I wore the clothes I was supposed to wear, did my make-up the way everyone else did, ate what girls were supposed to eat, and pretended to have PMS because sports class was for losers.I was so desperate to end my suffering that I rejected myself almost entirely, to shape a new me. One that would fit in. I grew to hate the old me, but I couldn’t recognize the new me either. Others seemed to accept her, but I knew she was a lie.

That year I totally lost who I was, and I’m not sure to this day whether or when I truly began to be me again.

So, was I the bird or the cage?

I realized that I’ve carried a lot of this shame for years. I’m a grown-ass woman and I often still assume that other people’s opinions are more valid than mine, or that “I could never do that”. I am my own cage.

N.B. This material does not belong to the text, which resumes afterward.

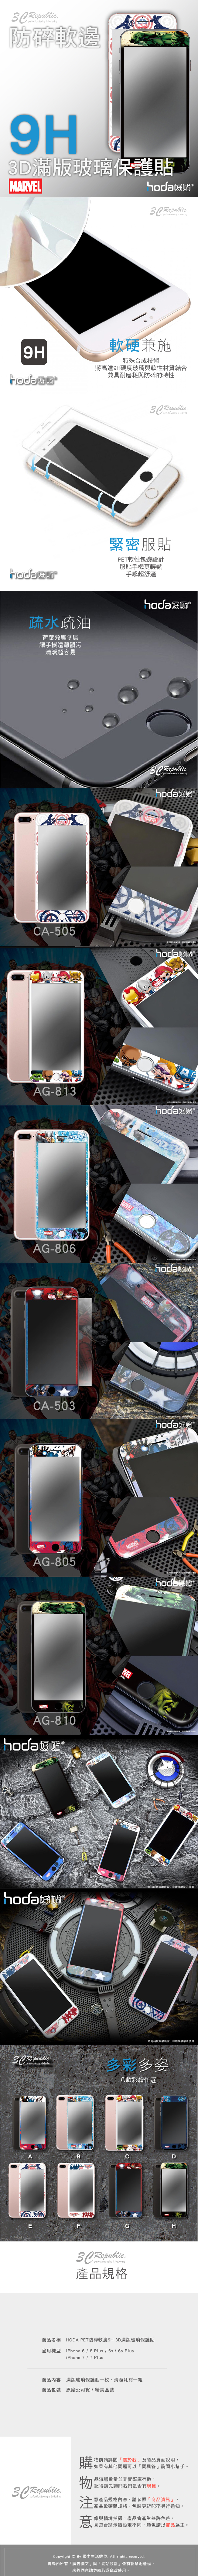 臺北3C旗艦店-HODA 9H 3D 滿版 玻璃貼 iPhone 8 7 6 6s Plus 保護貼 防碎 軟邊 復仇者
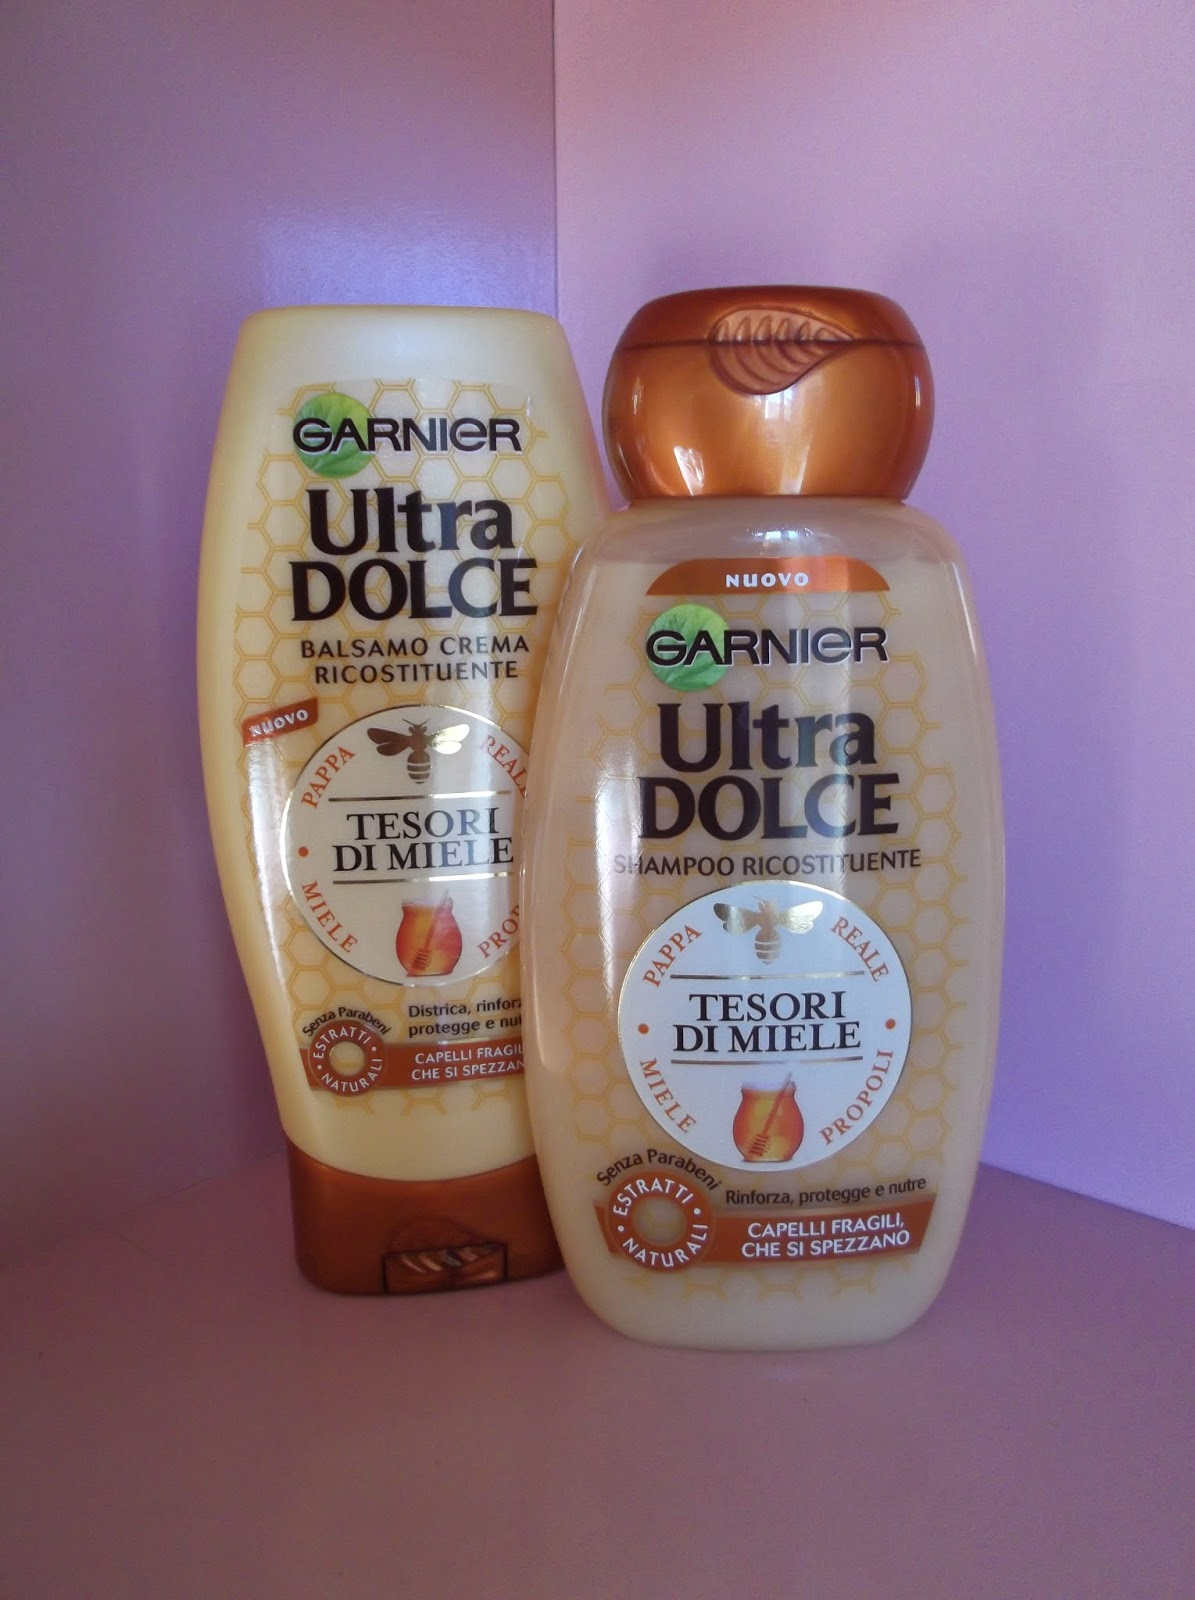 shampoo e balsamo ricostituente ultra dolce tesori di miele garnier

I don’t live in a high-school microcosm anymore. Sure, I’m influenced by social norms and standards, but they don’t confine my thoughts and actions to the extent I limit myself. The door is open, and I’m still choosing to sit in the cage.

I hit a milestone that night. I couldn’t shake the guilt I felt. The ridiculous paradox that I was upholding. I succumbed to my nervous energy and got out of bed. I went downstairs and took out the old photo albums.

Unsurprisingly, between the ages of twelve and eighteen, I found very few photos of myself. They were hidden away in the albums on the back row of the cupboard.

This time, I held up one particular photo and cried. My Dad had taken it. My mouth was attempting to smile, but my eyes looked sad and a little scared. I burst into tears and found an empty photo frame.

I now keep this photo on my desk. It reminds me every day how resilient, brave, patient, thoughtful, hard-working, and strong that girl is. Thanks to her, I am who I am today. And I will never put her away again.

Your insecurity, your fear, and your self-doubt is self-imposed.

You might not be proud of all the things you’ve said, felt, or done in your life. But holding on to shame will only hold you back. It’s important to learn to love and own your past, so you can move on with your future.

So if all you see is a cage, turn around. The door is open. You can fly out.